Meerkat and Periscope have opened the doors for social live streaming, and now even Tumblr and all the major social sites are vying for market share. However, a live feed is harder to moderate, and it seems that live streaming has already become an avenue for terrorism and propaganda.
Forbes columnist Kathleen Chaykowski reported that a recent terror suspect live-streamed via Facebook Live from the scene of a murder and hostage situation last week, and threats of terror attacks against soccer tournament EUFA EURO 2016 were also posted. Both were removed, but not before being seen by other Facebook users.
A Facebook spokesperson said in a statement:
We are working closely with the French authorities as they deal with this terrible crime. Terrorists and acts of terrorism have no place on Facebook. Whenever terrorist content is reported to us, we remove it as quickly as possible. We treat takedown requests by law enforcement with the highest urgency.

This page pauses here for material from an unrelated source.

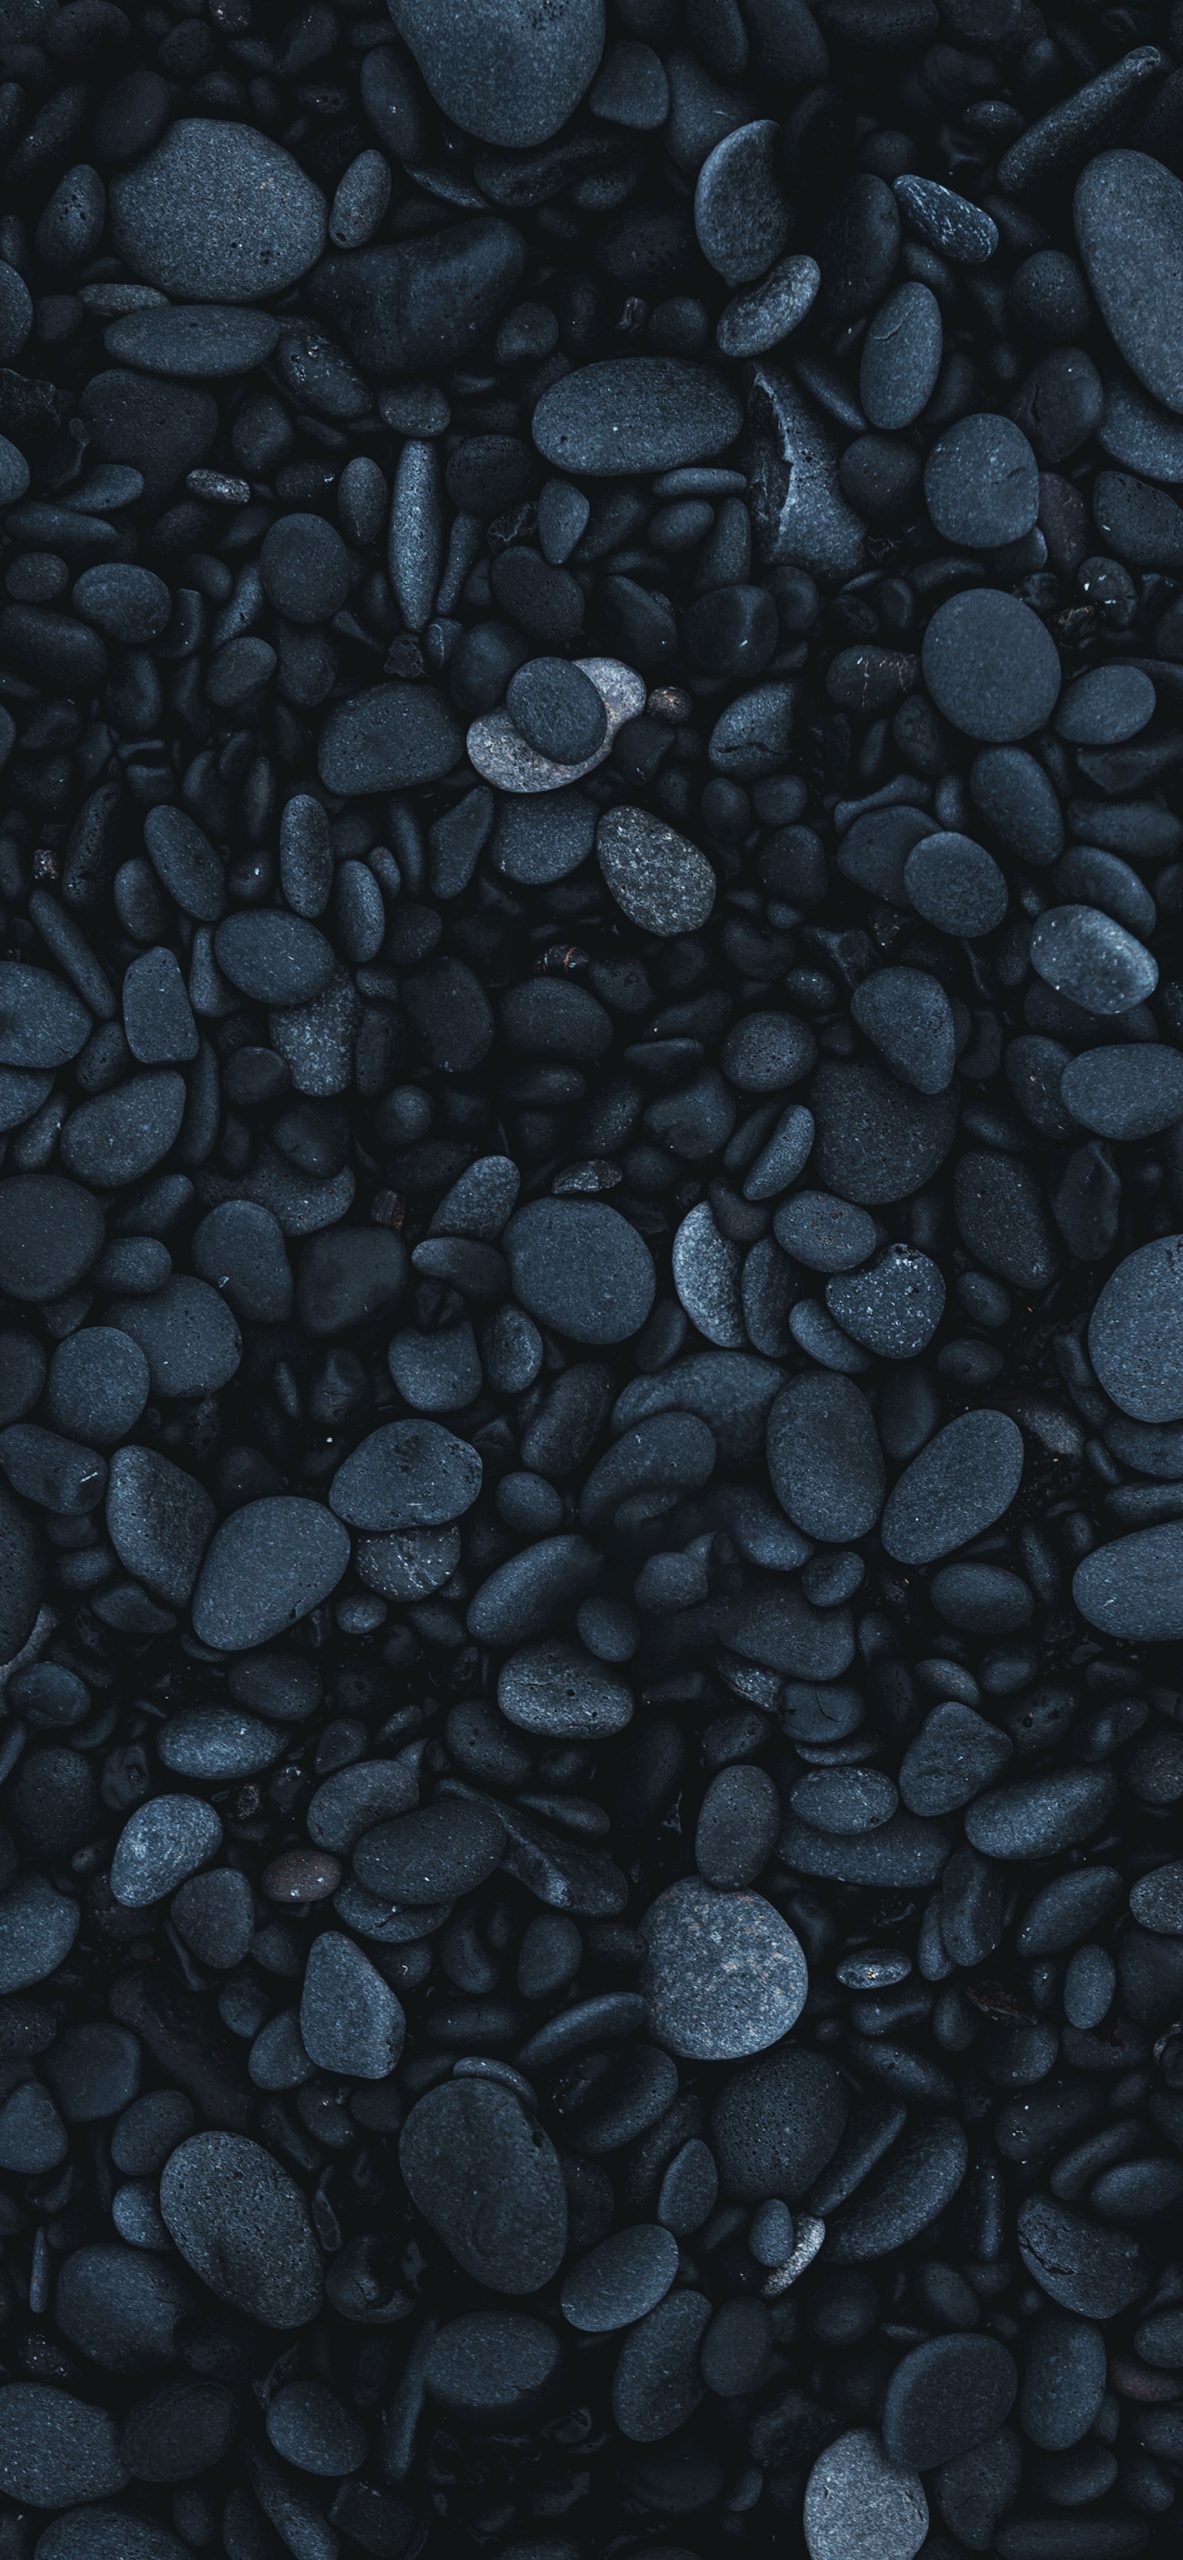 Plenty Of Black Small Pebble Stones For Wallpaper , Captured In Close Up  Stock Photo, Picture And Royalty Free Image. Image 38972307.

Social networks are constantly facing users uploading and sharing content from terrorists, and live streaming provides another medium for content which may be harder to police than others. Community reporting and automatic detection can help curb most offending content on social networks, but when that content is live, a site would need a constant moderation team ready to shut down any offending stream if they hoped to get ahead of the problem.
Chaykowski noted that Facebook already has a 24-hour moderation team. Unfortunately, that may not be enough to silence the use of live streaming by terrorists and help get information to relevant authorities. According to the journal Science, a team of researchers developed a method for identifying patterns in pro-terrorist groups and created an algorithm that could be used to predict future behavior from these groups.
Algorithms could be a helpful tool, but it’s practically impossible to totally eliminate this kind of content from social sites now that extremist groups have realized the power of social. If live streaming is to be a way for users to broadcast and interact with immediacy, any significant impediment to broadcasting could hamper the experience.
In essence, social networks are content gatekeepers, and some have been accused of abusing their position of power. There’s a fine line social platforms walk by including live streaming in their suite of tools, between immediacy and control, and between moderation and open communication.